> [WORK ITEM]: A faithful, picture-free copy of the listing below is required.

START GIVEN DATA

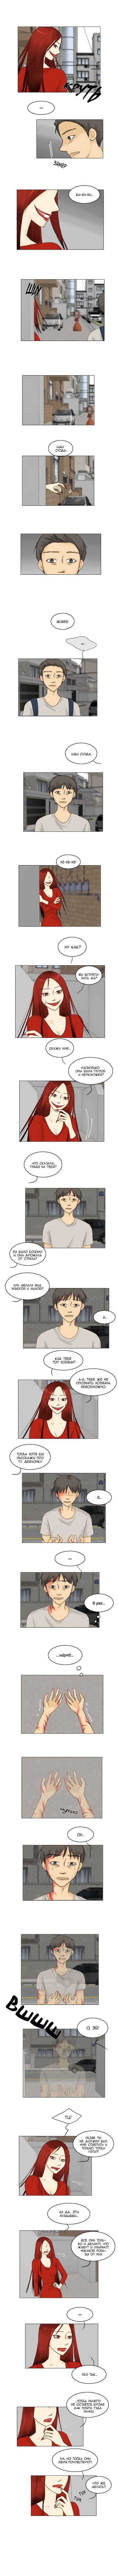 https://r2.ninemanga.com/comics/pic3/8/31048/1295162/1546305881528.jpg Page 3
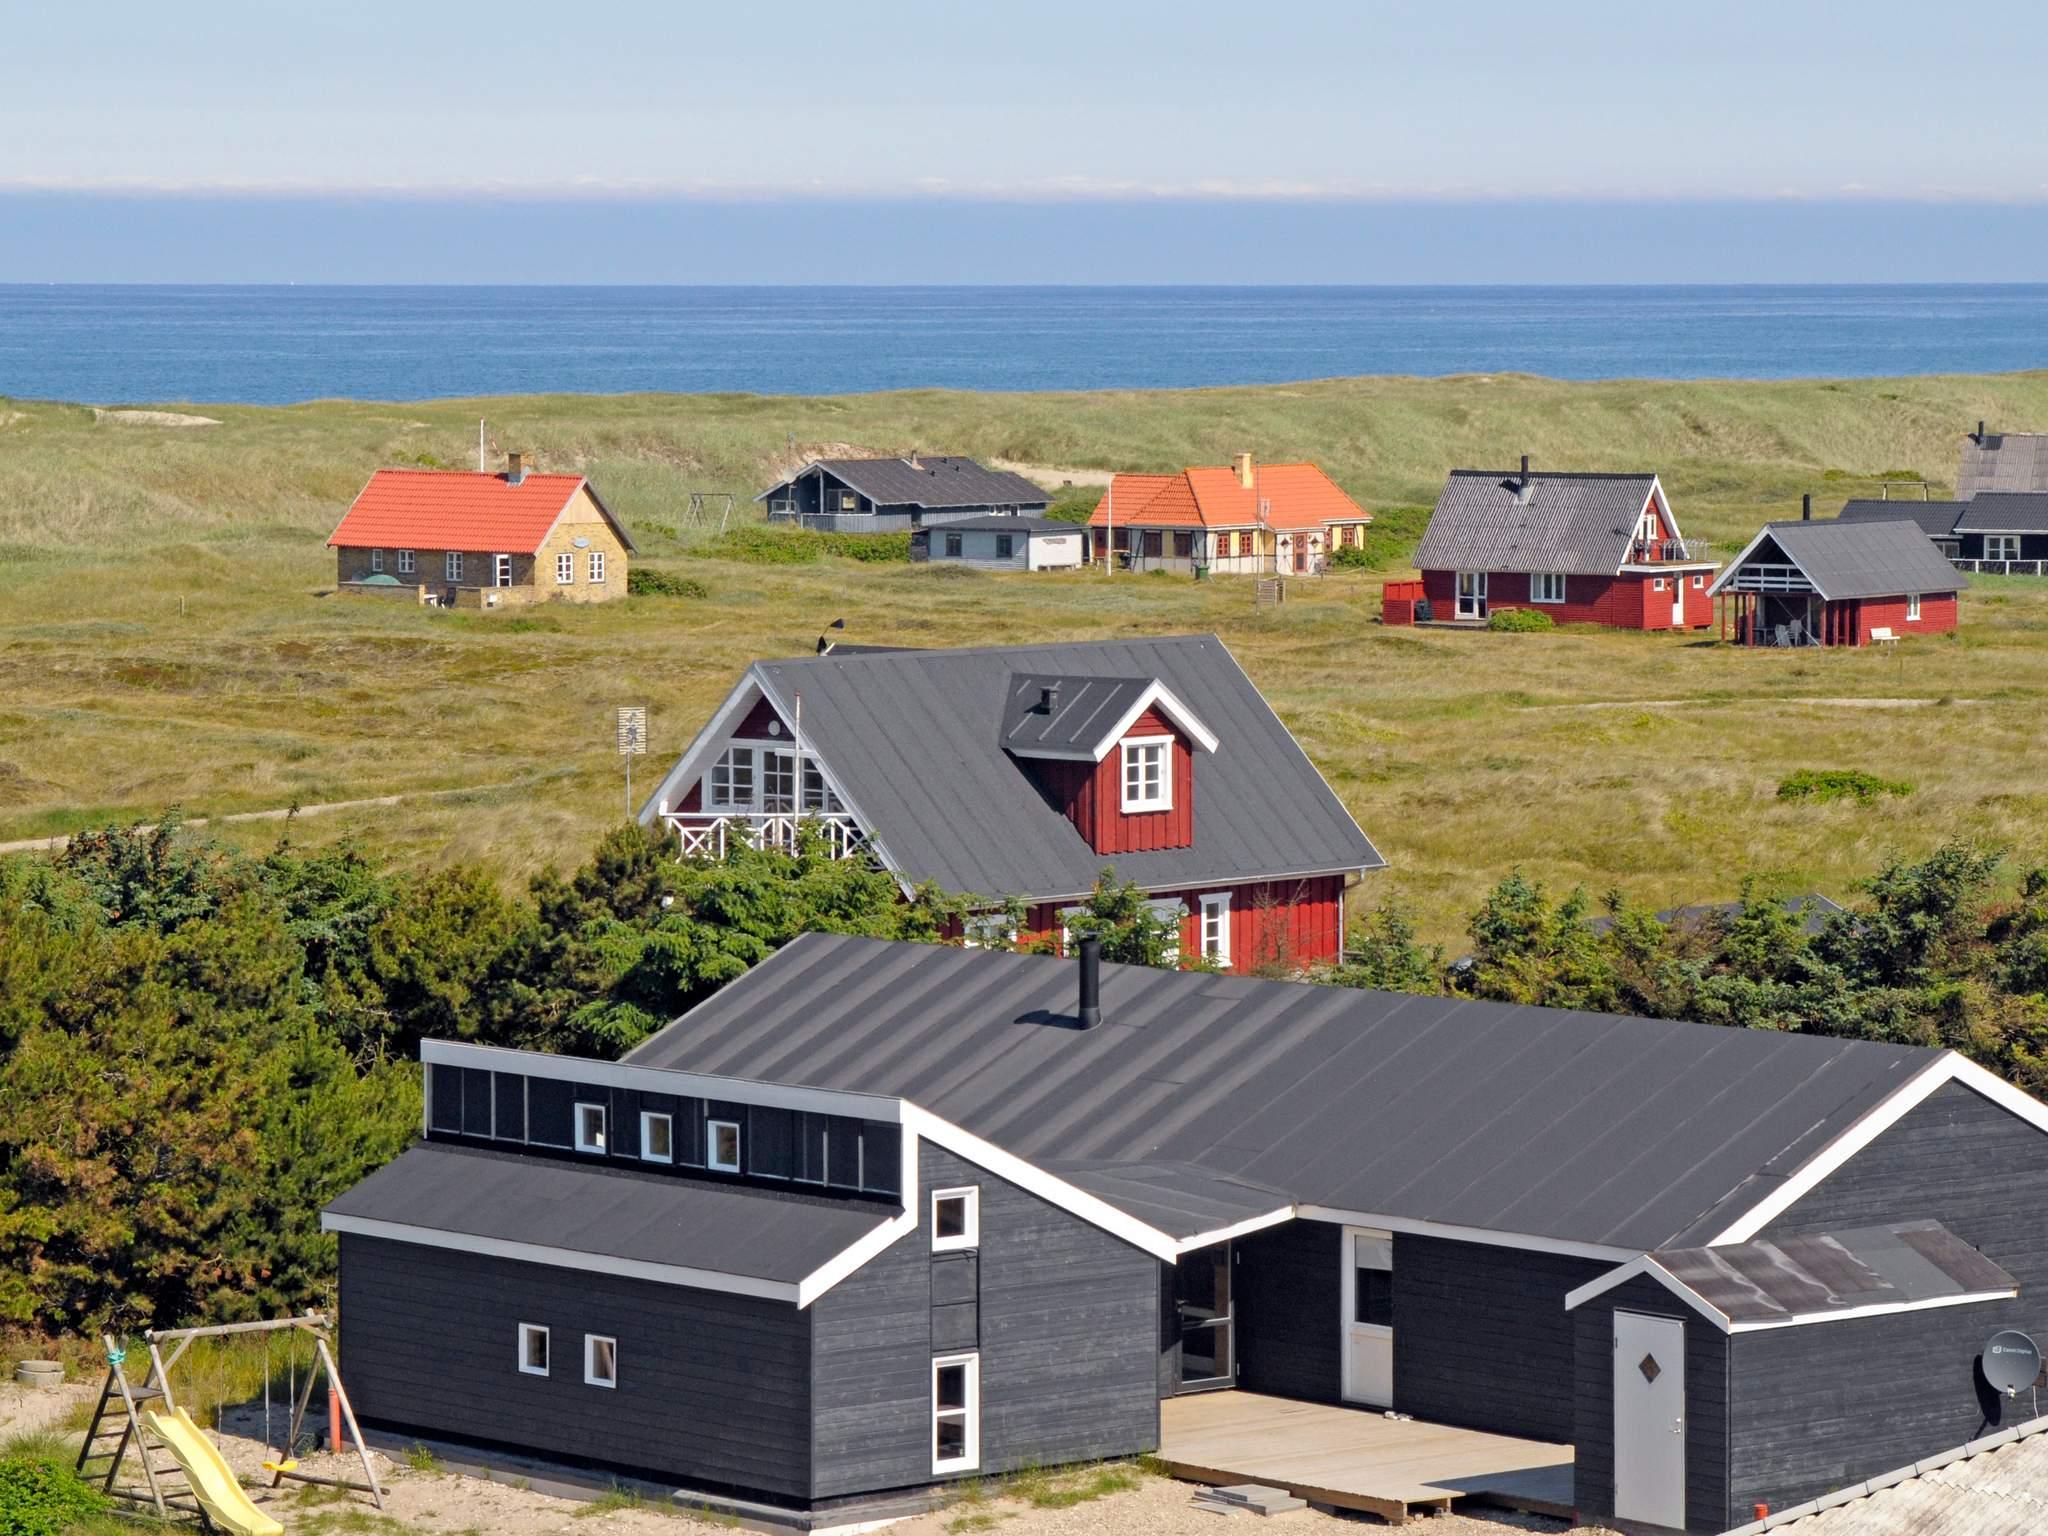 Ferienhaus Vrist (377922), Vrist, , Limfjord, Dänemark, Bild 1
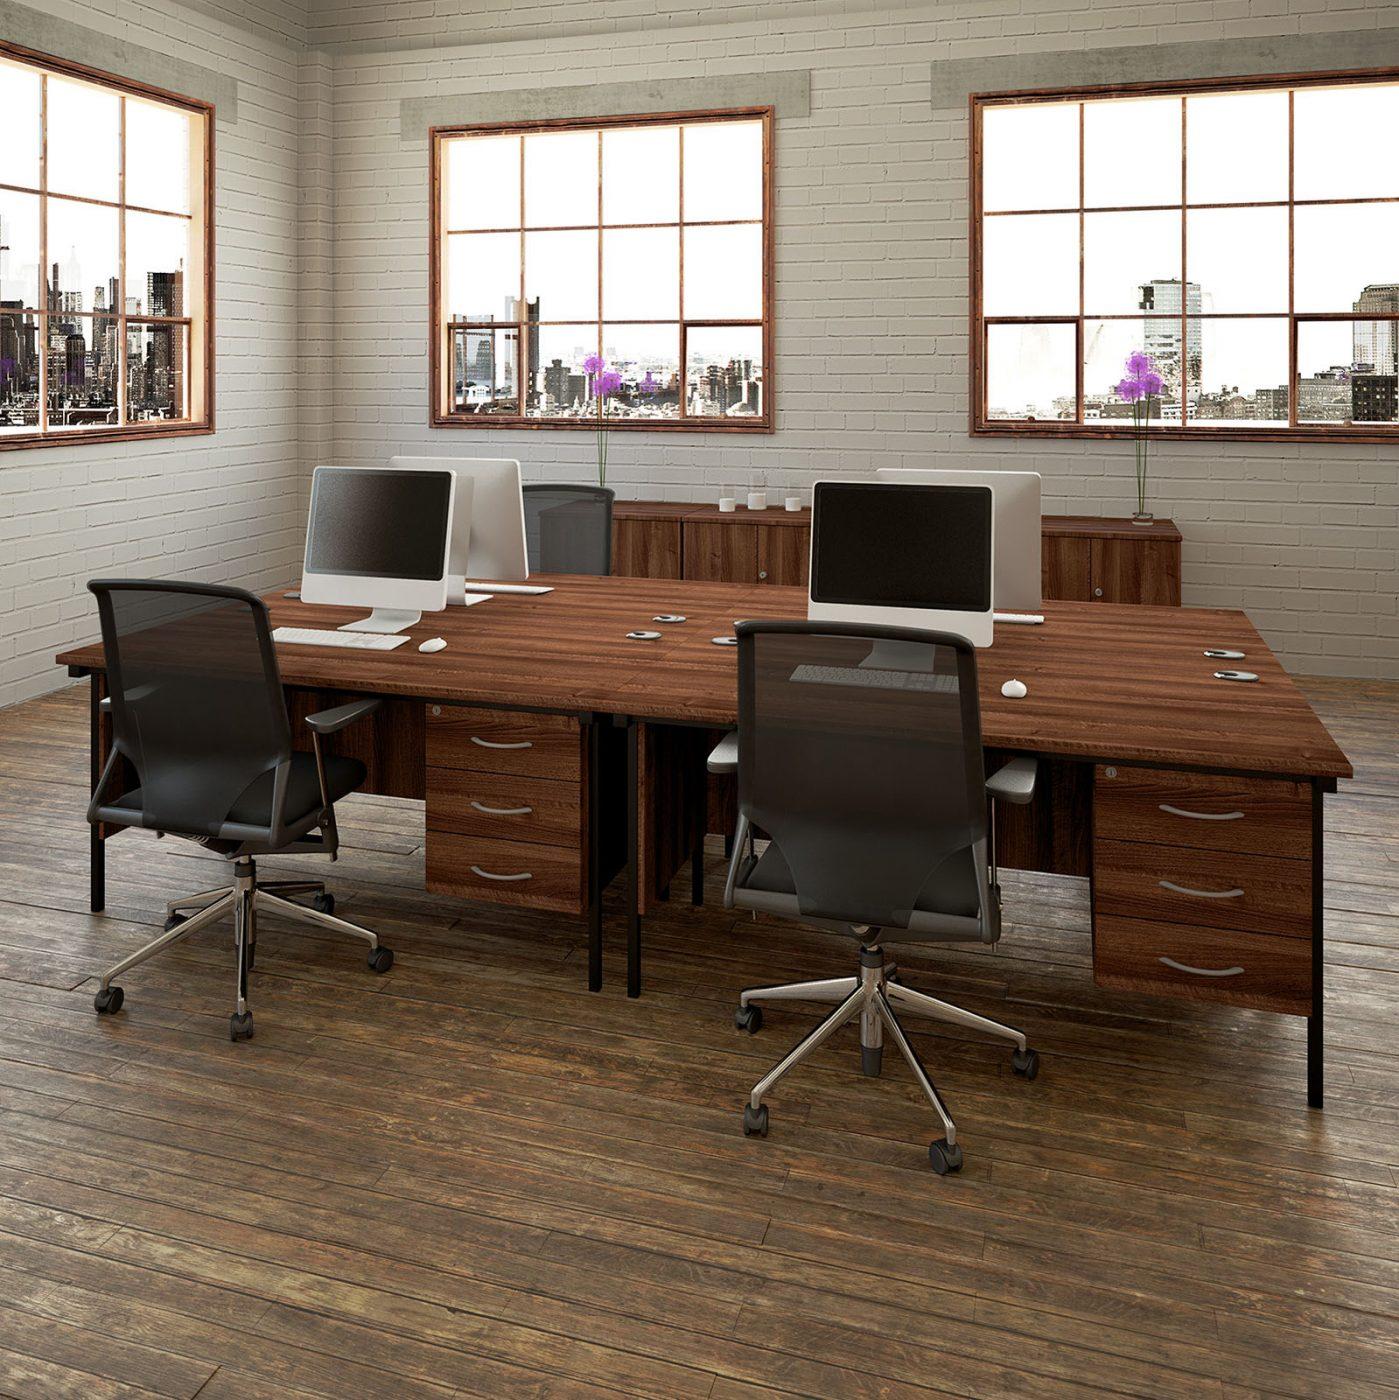 paolo desk, walnut desk, MFC, teacher desk, basic desk, storage

END GIVEN DATA

> [OUTPUT OF THE TASK]:
 https://r2.ninemanga.com/comics/pic3/8/31048/1295162/1546305881528.jpg Page 3
 Ferienhaus Vrist (377922), Vrist, , Limfjord, Dänemark, Bild 1
 paolo desk, walnut desk, MFC, teacher desk, basic desk, storage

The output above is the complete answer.